* **Work to be completed**: Your answer should consist solely of the lines from the one holding "Large hippopotamus in" through the final line of the entries, reproduced exactly and without pictures.

* **Dataset content**:
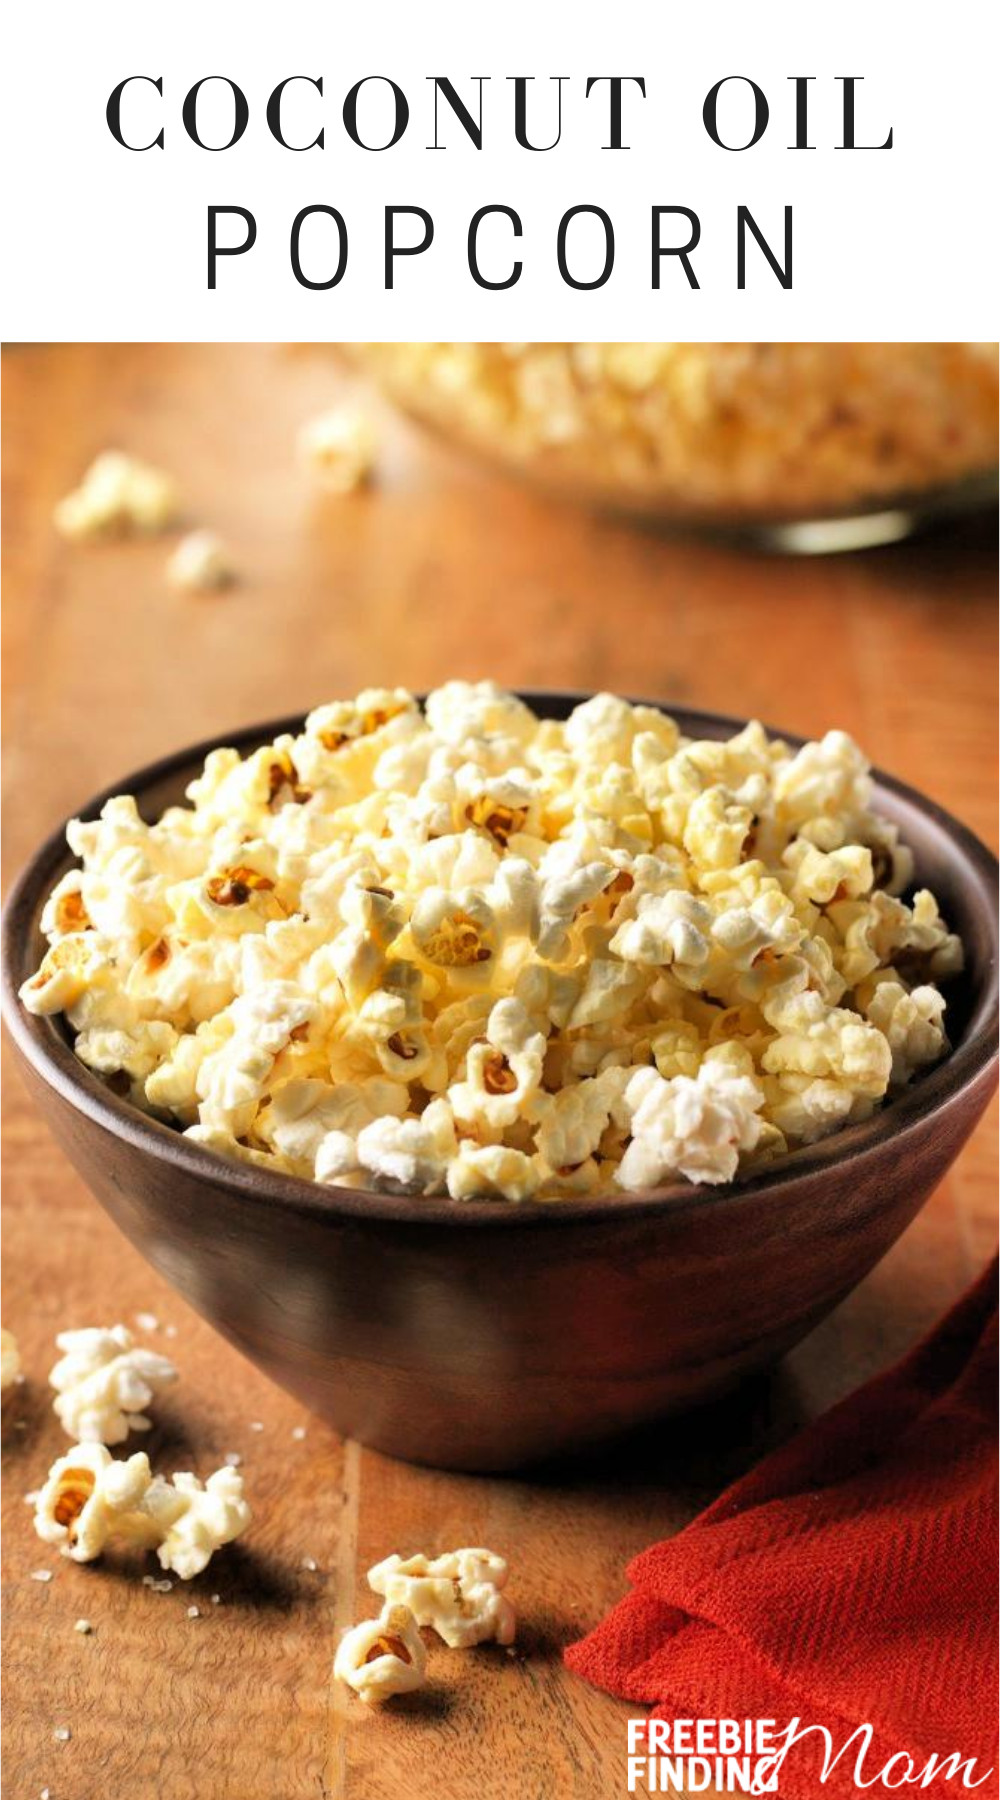 Low Calorie Popcorn Recipes
 Low Calorie Popcorn 4 Minute Recipe Freebie Finding
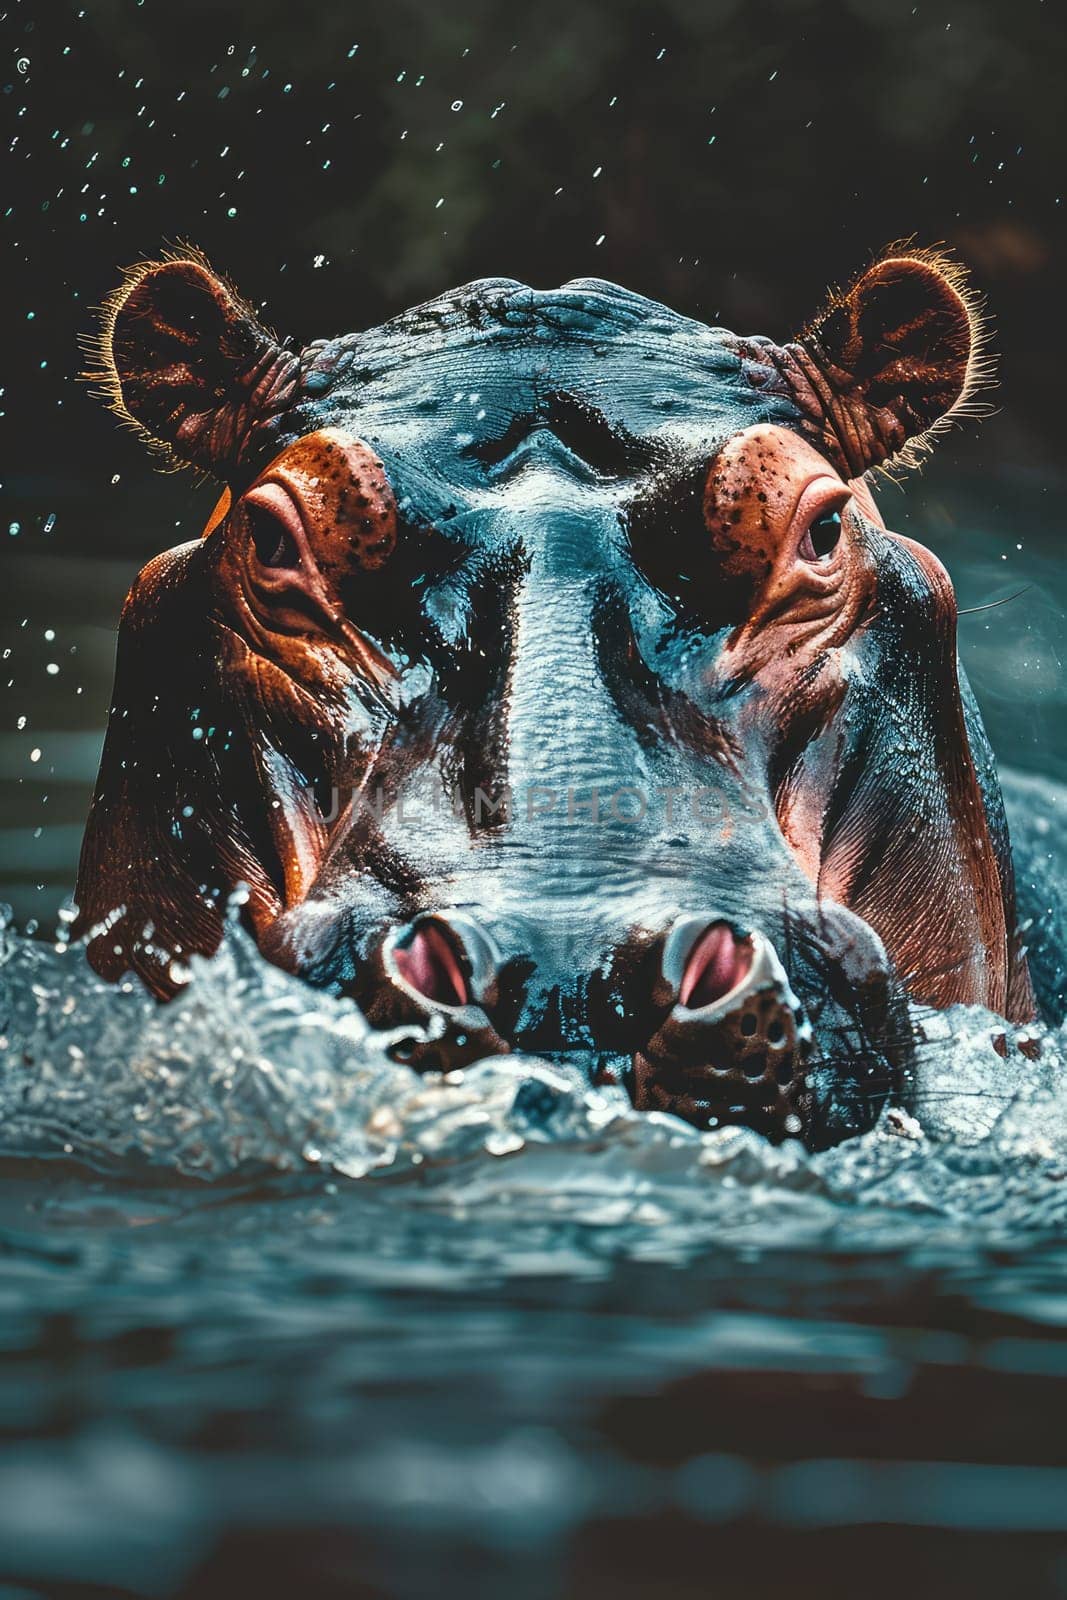 Large hippopotamus in the water. Selective focus. Nature.
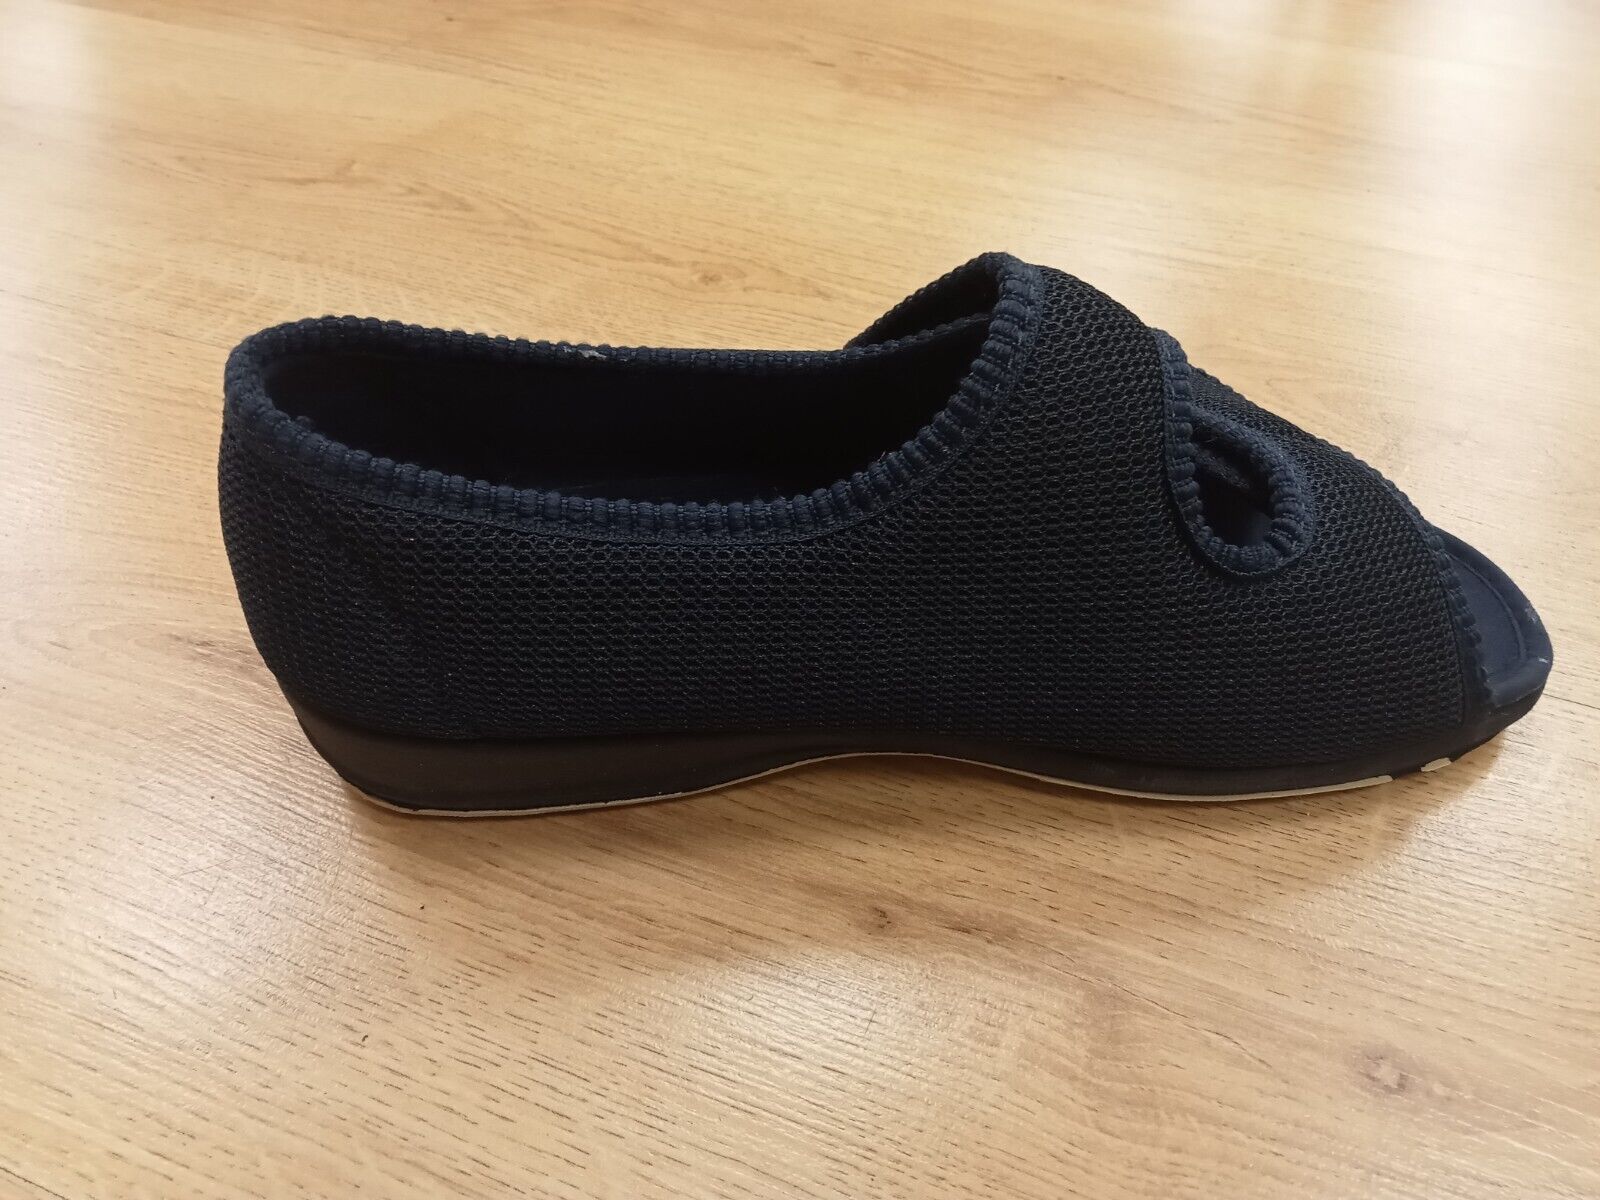 Celia Ruiz Extra Wide EEE DoubleVelcro Strap Sandals/Slippers sizes 3-9 ...
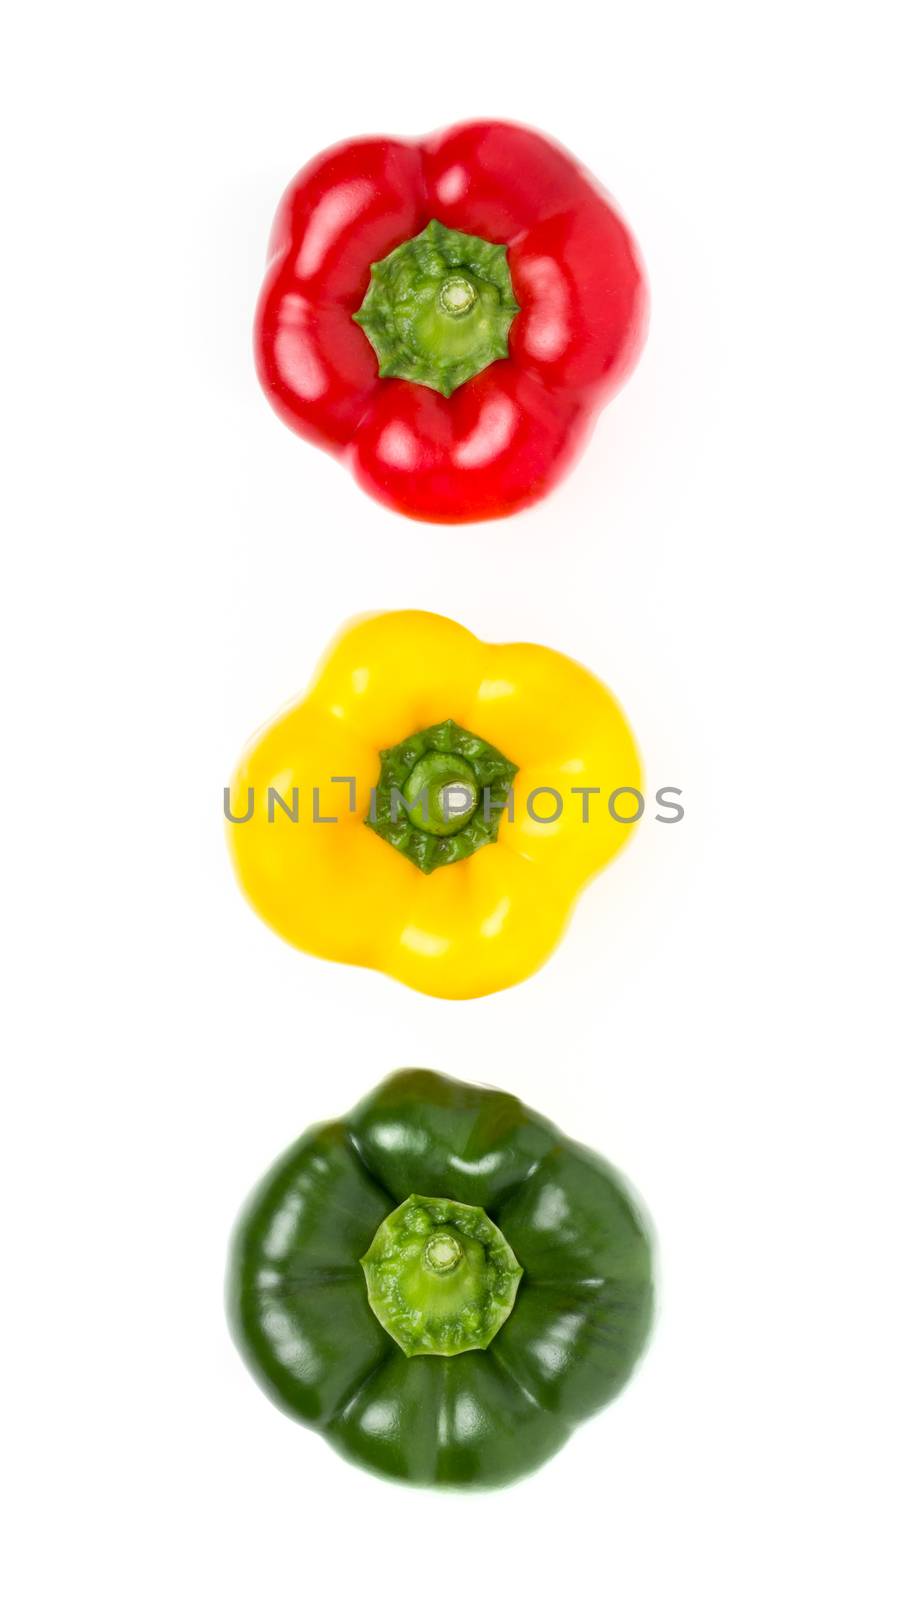 Traffic lights peppers by germanopoli

* **Result**:
 Large hippopotamus in the water. Selective focus. Nature.
 Celia Ruiz Extra Wide EEE DoubleVelcro Strap Sandals/Slippers sizes 3-9 ...
 Traffic lights peppers by germanopoli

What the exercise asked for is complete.